0535.
凡そ第三次産業などと云うものは、有り余る労働(可能)人口を食い潰す為にあれだけ肥大化した分野である。ところがそんな所にも独自の倫理規範と云うかそのアイデンティティーを賭けられる行動原理が存在する様になるものなのだが、しかしそれは如何に効果的に労働(可能)人口を費消するかではなく、如何に最大の余剰価格を生み出すかと云うことに向けられている。従って必然的に、そこからまたあぶれた者達による更なる肥大化を必要とする様になり、悪循環が繰り返されねばならなくなる。新たな食い潰しの為に新たな需要が「発明」される。つまり、無駄を無くそうとして更に無駄を生んでしまう訳である。従ってパロディの重層化、差異の国境化は避けられぬ事態である。


0536.
私がこうやって自分の魂なんぞについて日がな悩んでいられるのも、今日も何処かで誰かが自分の胃袋の心配をする気力さえ無くバタバタと飢え死にしていってくれているからだ。*食事を摂る時にお百姓さんに感謝する様に、今度からあらゆる消費活動や非生産的活動をする度に、「貧困層さんありがとう」と唱えてみてはどうだろうか。

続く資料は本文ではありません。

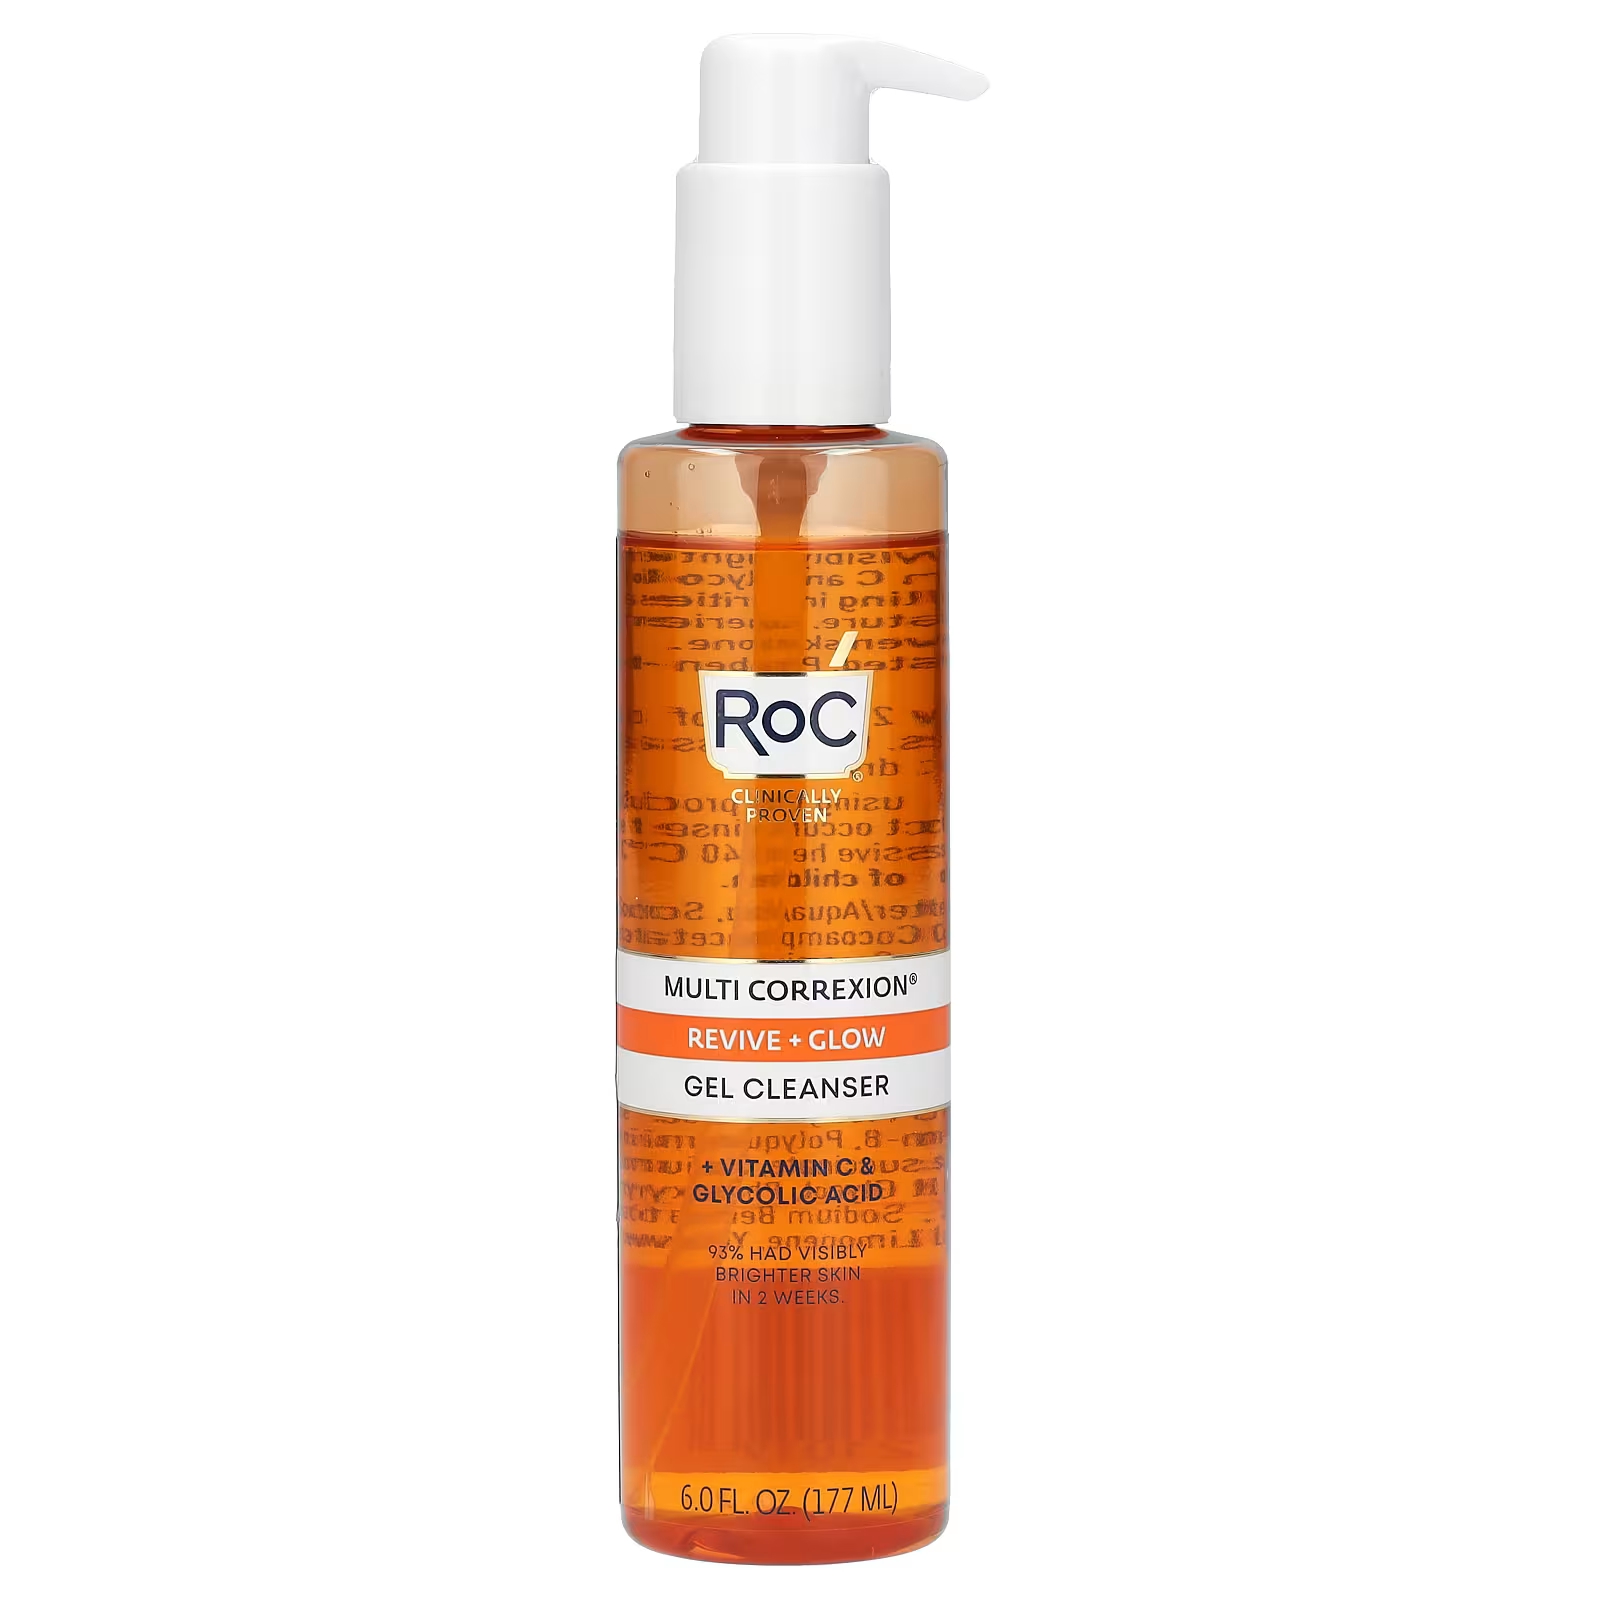 RoC Multi Correxion Revive + очищающий гель для сияния + витамин С и гликолевая кислота, 6 жидких унций (177 мл)

*因みに私は明日の糧について心底怯えねばならぬ状況で瞑想を続けられる程豪胆ではない。年間の餓死者数が僅か二桁の国に住んでいられるとは、何と幸運なことであろうか。


0537.
多くの動物は、起きている時間の大部分をエサの確保の為に費やす。人間は、己の睡眠時間を削ってまでエサの確保に精を出す。人間は今や多くの動物以下の存在である。


0538.
知っての通り私には自伝癖があるが、それはこの私が生きている現在そのものが、「やがては回想されるべく秩序づけられたもの」としての性格を本質的に帯びているからだ。私は始終物語っている。


0539.
私は極く臆病な小市民に過ぎないので、現代アメリカの様な国家には畏怖の念すら覚える。どうしてあれだけ巨大な力が、あれだけ厚顔無恥に、あれだけ情け知らずに、あれだけ我が儘に、あれだけ短慮に、あれだけ卑怯に、あれだけダブル・スタンダードに振る舞えると云うのだろうか。あれは最早在り来たりな怒りや軽蔑の域を越えている。


0540.
小学生の頃は、小説や漫画をよく書いた。尤も、かなり飽きっぽい性格だったのですぐ投げ出してしまうものが多く、それ程纏まった分量になったものは少なかったが。好んで書いたのはSF冒険活劇だが、その一方で何故か筋らしい筋の無い、際限の無い光景、オチの無い話を書いたりもした。当時から、それがまるで果ての無い悪夢の様なものだと云う自覚はあった。性と暴力のスリルで一時凌ぎでウサを晴らすのを繰り返し続けるのか、さもなくば無際限の退屈と不安と直面するのか………今から思えばその点に関しては些か大人びた感性を持ったスレた少年だったのかも知れない。